4. Acolheu-o Amora (que era um metáfora do país a enrodilhar-se em cheques sem cobertura, ordenados em atraso). Para que os jogadores pudessem ter banho quente era preciso aquecer-se a água em bidões (ou tornarem banho nos próprios bidões). E ele, ao saber que o seu massagista já nem os aparelhos ligava por falta de luz, deixou de aparecer nos treinos - mandou dizer que andava por Lisboa a tratar-se com raios X, só.

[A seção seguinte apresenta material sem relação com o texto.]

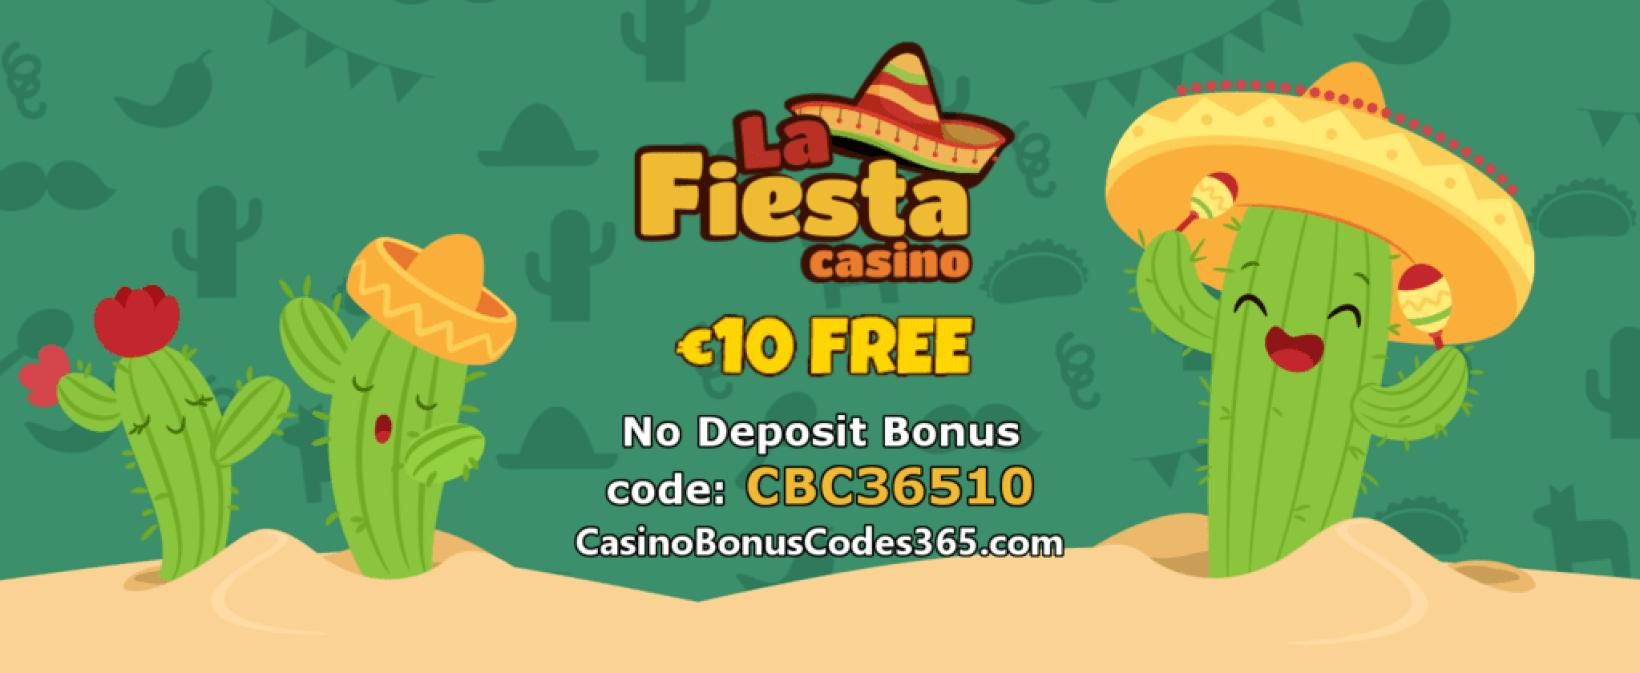 La Fiesta Casino €10 FREE No Deposit Bonus

5. Despedido do Amora, correu rumor de que estava a caminho do Sporting - mas não, foi para o Montijo. O inferno que se lhe abrira aos pés cresceu sem fim - e algures por 1984 contou a Vítor Serpa: «Ter deixado o Benfica deve ter sido a maior asneira da minha vida. Levantei o Boavista, foram ingratos comigo. Faltava um jogo para o campeonato terminar, a mulher com quem vivia fugiu-me na véspera desse jogo, meti-me num táxi, fui atrás dela. O Boavista arranjou aí razão para não me pagar o prometido: 200 contos. Depois, os mais pequenos: Tomar, Montijo, Amora - todos me ficaram a dever. No Monte da Caparica, onde já só ganhava por vitória fui despedido por estar a mijar junto dum carro e parece que andava uma criança por perto. Eu vi lá a criança...»

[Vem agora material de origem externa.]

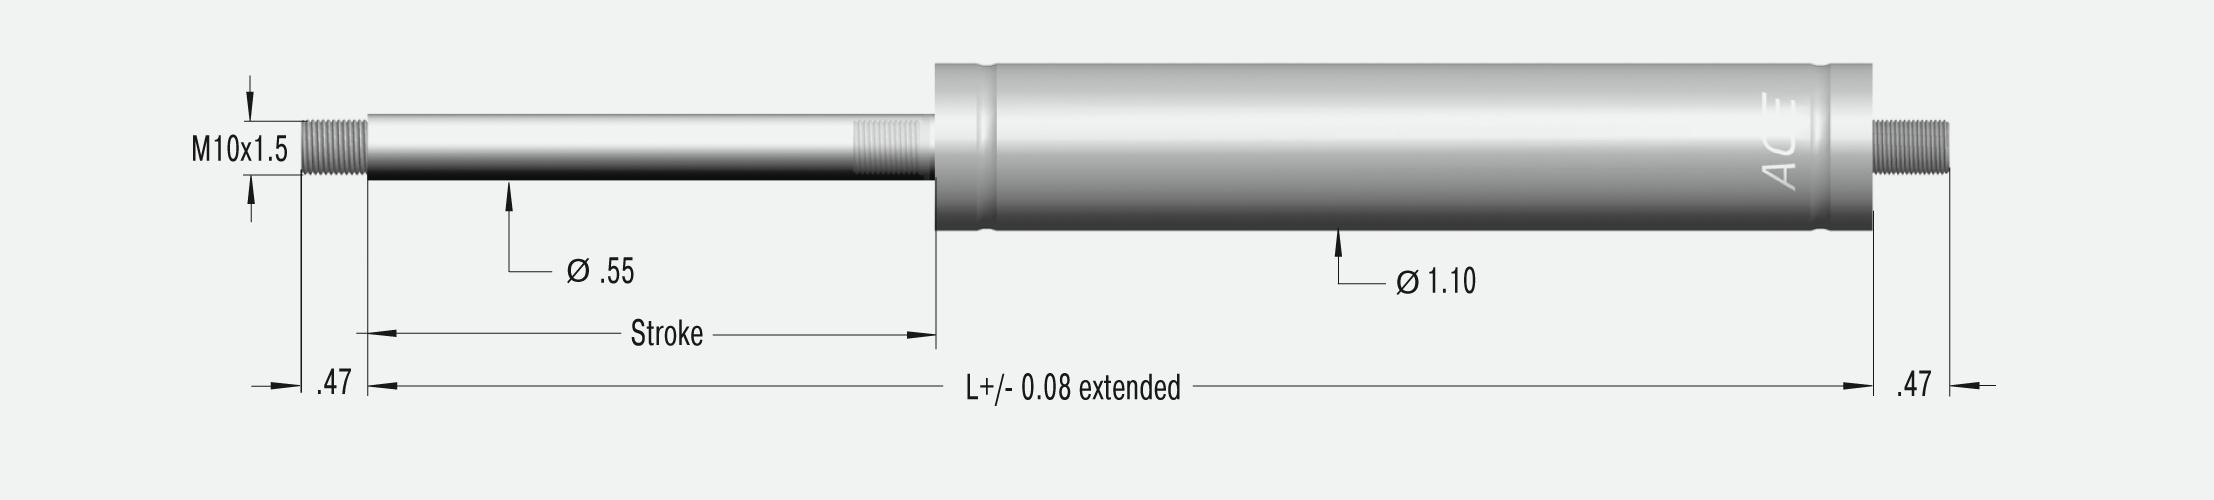 GS-28-550-V4A

6. Não muito depois voltou em tormentos ainda mais negros à ribalta em A Bola - numa reportagem em que seu destaque era um arrepio: «Já perdi tudo... Não tenho trabalho, dinheiro, casa, mulheres... Restam-me os copos que me dão» - e, depois, contava-se que quebrara a montra da Papelaria Fernandes e ao chegar à esquadra num destroço, soltara, em murmúrio, ao chefe de serviço: «Tinha bebido uns copitos. Mas não queria roubar. Foi só para partir a montra, com uma cabeçada porque me apeteceu...»
7. Vivia, então, numa barraca, junto à Lagoa de Albufeira: «Quando consigo pescar alguma coisa, como. Quando não consigo, não como». E passou a andar, cada vez mais, roto e sujo, de cabelos enormes, desgrenhado.

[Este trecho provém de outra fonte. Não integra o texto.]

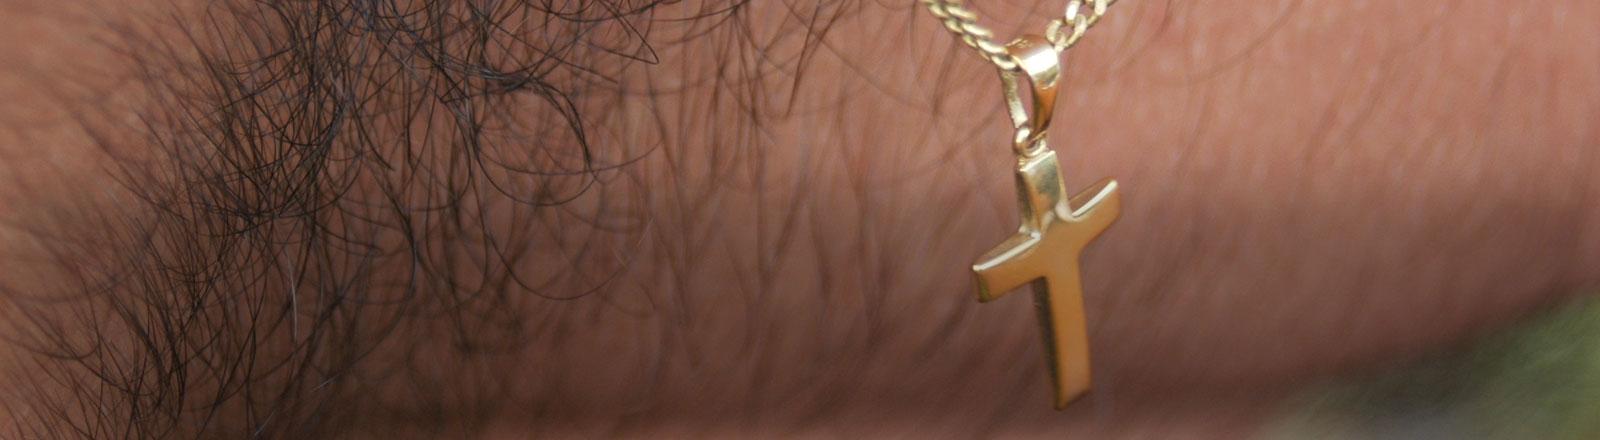 Ein Kreuz auf einer behaarten Männerbrust.

8. Tentaram resgatá-lo ao drama, interná-lo, desintoxicá-lo da droga - e foi tudo em vão: «Um médico disse-me que me podia curar se fosse para o Miguel Bombarda. Fui lá, veio maluco direito a mim, com olhos muito abertos. Pensei que vinha para me matar e só me pediu 5 escudos. Quando o médico me perguntou por que não queria ficar, respondi-lhe que só se estivesse maluco de todo - e fui-me embora...»
9. Em Agosto de 1989 foi como preso n.º 443 do Estabelecimento Prisional de Sintra que Carlos Rias o entrevistou: «Fiz-me a bijuterias e a um rádio, apanharam-me. O juiz disse que já me tinha dado três chances - e deu-me quatro anos de choça. Mas eu vou mudar. Para a bola não vou mais, não tenho psicologia de treinador, mas se me arranjassem a Lisnave... Limpava os barcos, tinha salário certo...»
10. Já fora coveiro, andara na limpeza das ruas por Setúbal. Com jogadores da Académica e do Vitória a festejar os 30 anos da mais longa final da Taça apareceu à porta do restaurante de barba imunda, t-shirt esburacada, calças rotas, chinelas enlameadas - e gritou: «Oh Toni!». Toni correu para ele, apanhou-lhe a súplica: «Oh pá, vê lá se fazes ai coleta, que não tenho cheta». De lágrimas nos olhos, Toni puxou dos cinco contos que ali tinha - e deu-lhos. Não quis entrar na festa que também era sua, correu, de dinheiro na mão, rua abaixo. Ano e meio depois, a 1 de Janeiro de 1999, morreu."